This clinical research coordinator (CRC) position has oversight of the clinical trials within Interventional Cardiology and will provide study coordination for multiple clinical research studies ranging from moderate to complex. Coordinator experience and mastery of all job duties from the CRC-Technician position on the Michigan Medicine CRC Career Ladder is required. This position should be able to perform tasks and make decisions independently, consistently, and accurately, and demonstrate that they have achieved a moderate level of expertise in all their skills and abilities resulting in high quality work. It is presumed that this position is able to apply their skills to a broad range of different types of clinical studies, navigate available resources appropriately, effectively use all tools and job aids at their disposal and operate e-clinical technologies with a reasonable degree of proficiency. This position can perform the majority of tasks independently and perform quality checks of their work. They also know where and how to identify appropriate resources and support and are able to discern when to escalate issues needing additional intervention. Key behavioral competency descriptors include demonstrate, implement, execute, and use.

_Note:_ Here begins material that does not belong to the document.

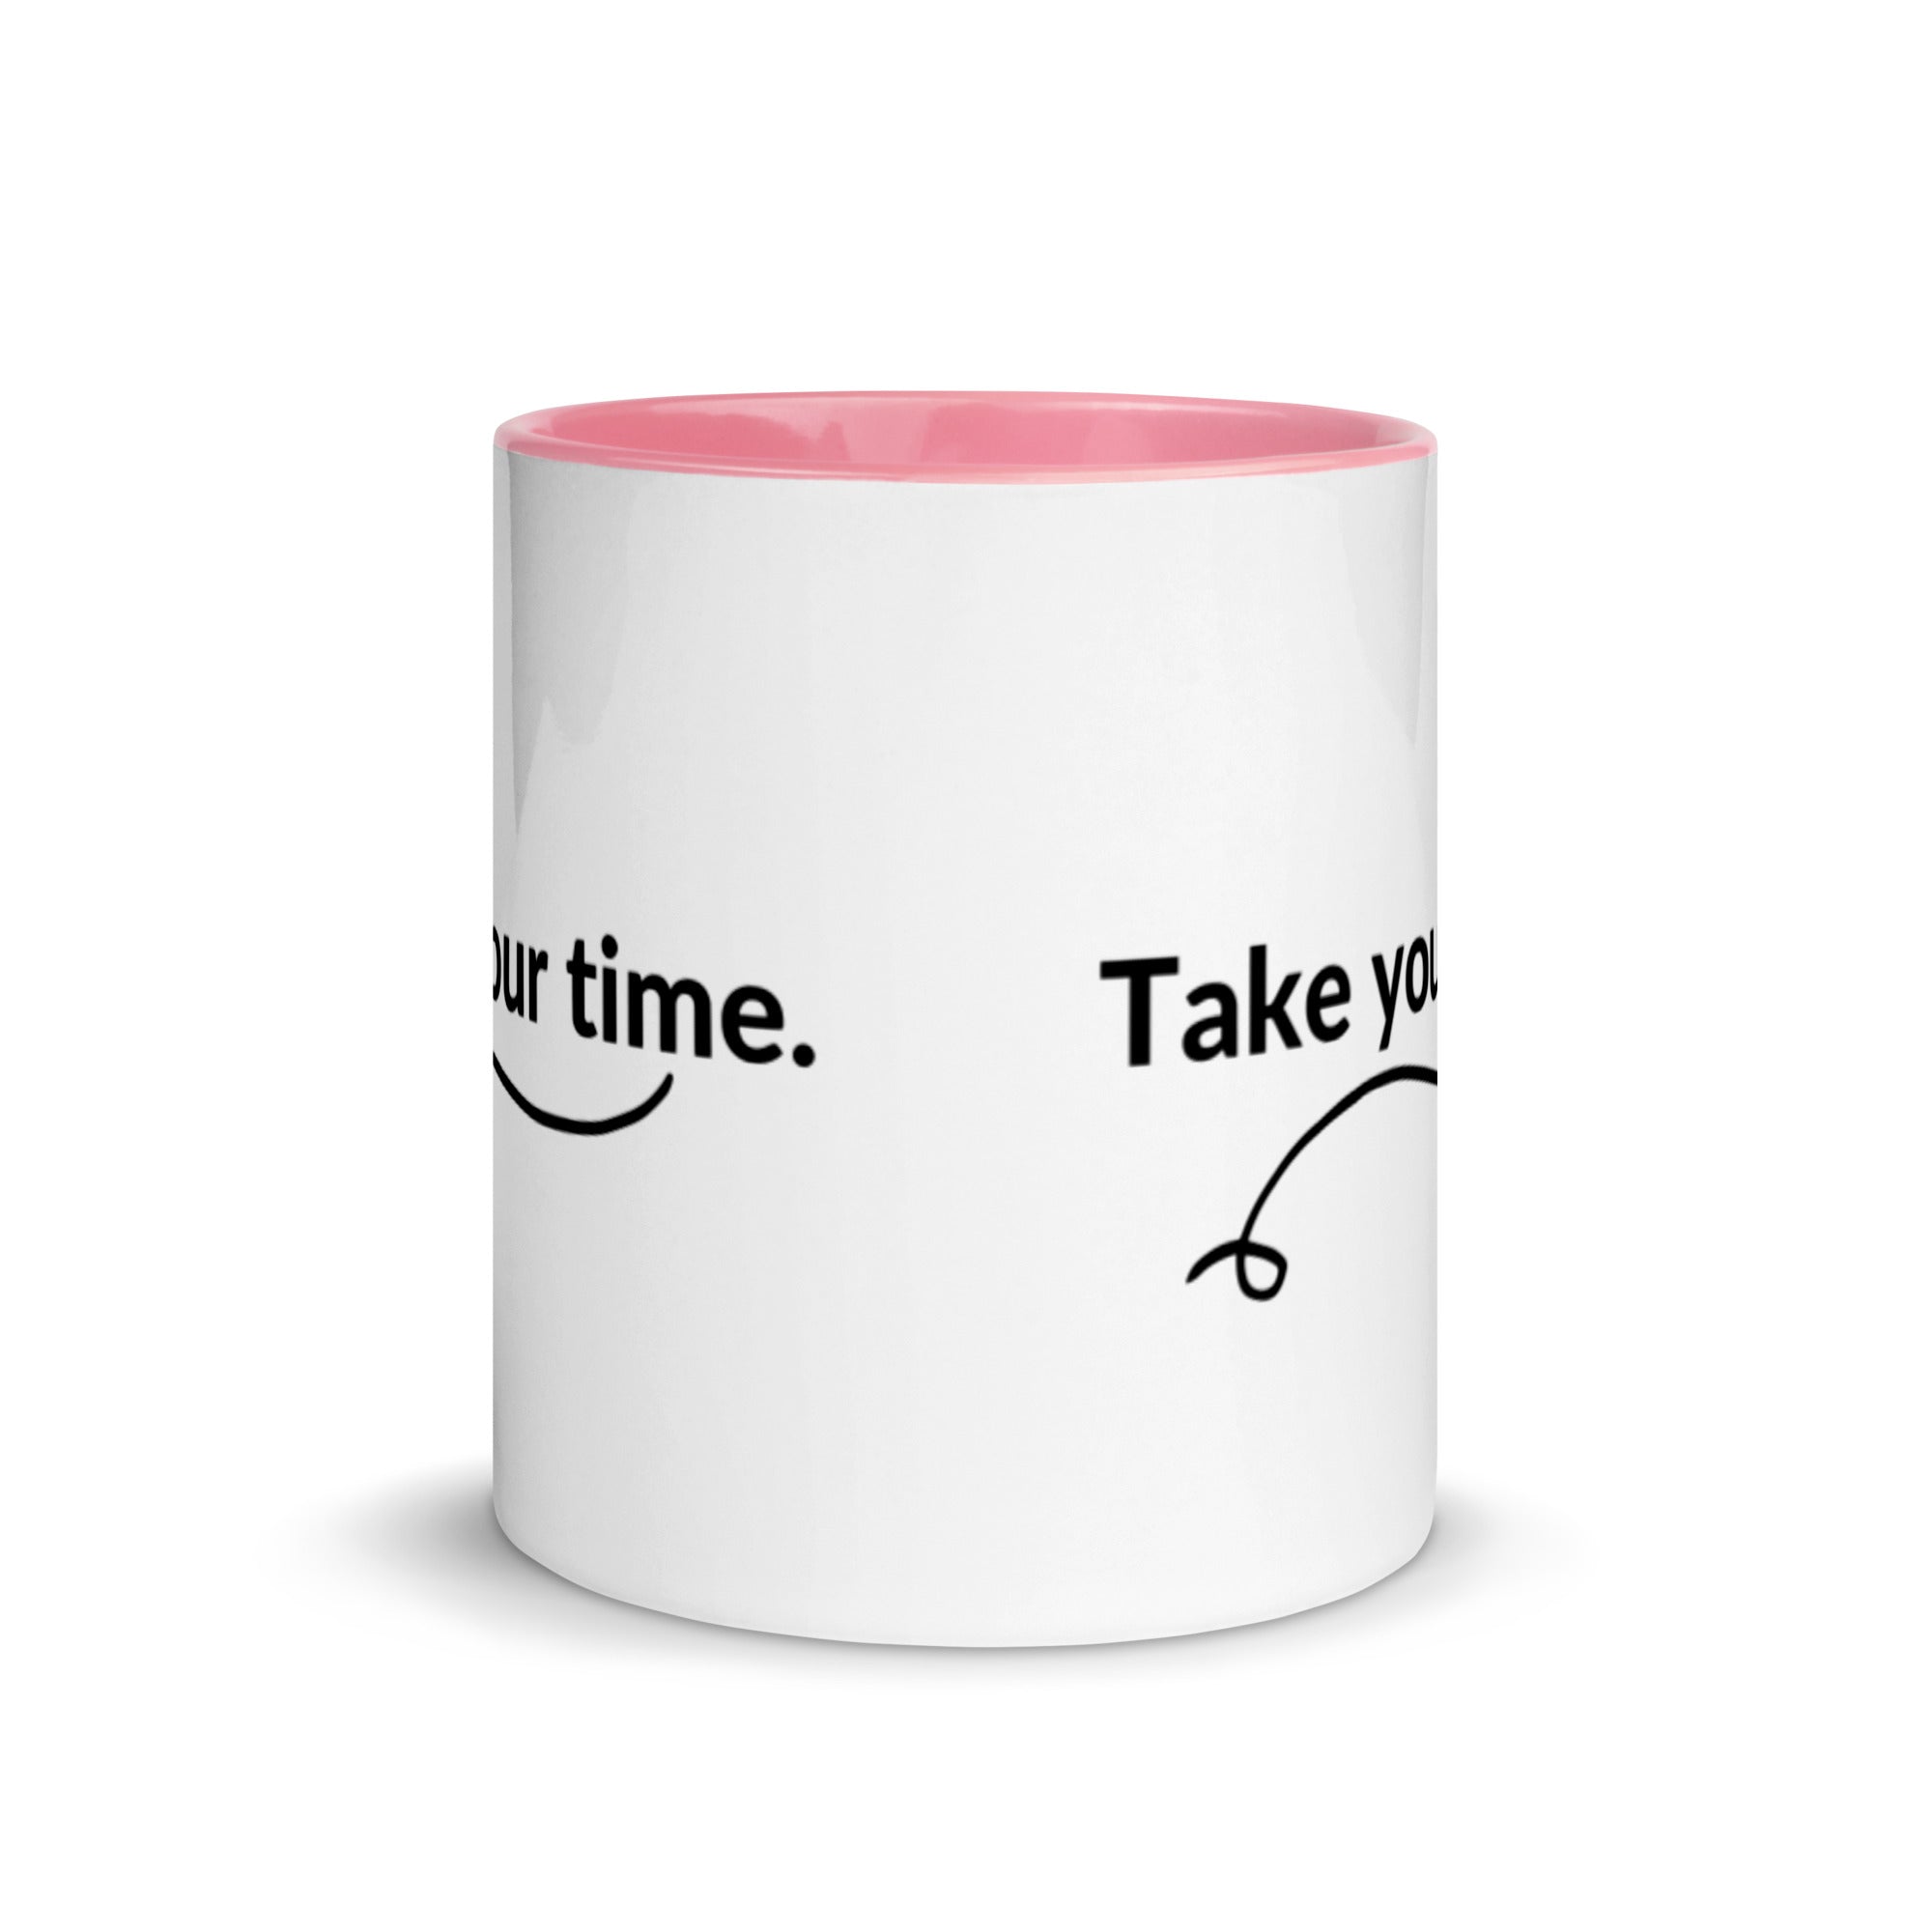 Take your Time - Mug with Color Inside

• Aide in the management of logistics for a new clinical trial.
• Oversee protocol elements/requirements and demonstrate the ability to execute study procedures.
• Applies critical thinking and creative problem-solving skills in the development of new processes, procedures, tools, and training to enhance clinical research activities.
• Prepare for and lead monitoring visits
• Anticipate and mitigate the potential for protocol non-compliance.
• Triages simple subject concerns and issues appropriately.
• Schedules, assists with preparation for, and attends study initiation meetings, monitor visits, and audits.
• Utilize information from the EMR and study databases.
• Completes complex data collection during study visits.
• Resolve data queries.
• Manage and report Adverse Events (AEs), Serious Adverse Events (SAEs), and Other Reportable Information and Occurrences (ORIOs) as appropriate 
• Demonstrates an understanding of the elements of subject safety, related documentation, and reporting. Recognizes situations requiring prompt escalation and demonstrates actions to minimize risks.
• Complete IRB submissions, including amendments and continuing reviews.
• Maintain essential regulatory documents as outlined in the ICH-GCP guidelines.
• Properly completes payment forms and pays participants accordingly

Independent knowledge, skills, and abilities within all 8 competency domains is expected:

1.    Scientific Concepts and Research Design
2.    Ethical Participant Safety Considerations
3.    Investigational Products Development and Regulation
4.    Clinical Study Operations (GCPs)
5.    Study and Site Management
6.    Data Management and Informatics
7.    Leadership and Professionalism
8.    Communication and Teamwork

Supervision Received: This position reports directly to the Interventional Cardiology Clinical Research Manager.

Associate Level:

• Bachelor's degree in Health Science or an equivalent combination of related education and experience is necessary.   
• Certification is required through Association of Clinical Research Professionals (ACRP) as a Certified Clinical Research Coordinator (CCRC) or Society of Clinical Research Association (SOCRA) as a Certified Clinical Research Professionals (CCRP) or equivalent. Candidates must be eligible to register or take the exam at date of hire and the certification must be completed or passed etc. within six months of date of hire.  (Please review eligibility criteria from SoCRA or ACRP prior to applying.)
• Minimum 2 years of directly related experience in clinical research and clinical trials is necessary. 
• Working knowledge of Good Clinical Practice (GCP), FDA regulations and Code of Federal Regulations (CFR); in addition, experience with the IRB application process and understanding of medical terminology. 
• Demonstrate project management ability, work well in a team setting as well as independently with the ability to exercise good judgment in setting priorities, resolving problems, applying policies and procedures, while maintaining confidentiality at all times. 
   

Technician Level:

• Associate degree in Health Science or an equivalent combination of related education and experience is necessary. 
• Minimum 1 year of directly related experience in clinical research and clinical trials is necessary. (Please review SoCRAs Definition of a Clinical Research Professional for qualifying experience prior to applying.)  or  An advanced degree in a health-related areas such as: Health Sciences, Behavioral Sciences, Public Health, Health Care Administration, Clinical Research Administration, Social Work, Psychology, Epidemiology, Foreign MD. or Minimum 3 years of human subject experience (clinical, lab or health regulations) such as related patient care, related community health and wellness, related clinical information, and research.  

Associate Level:

• 4+ years of direct related experience

Technician Level:

• Bachelors degree in Health Science or an equivalent combination of related education and experience is desirable. 
  An understanding of medical terminology, experience in a large complex health care setting, ability to effectively communicate with staff and faculty of all levels, and knowledge of university policies and procedures is desirable. 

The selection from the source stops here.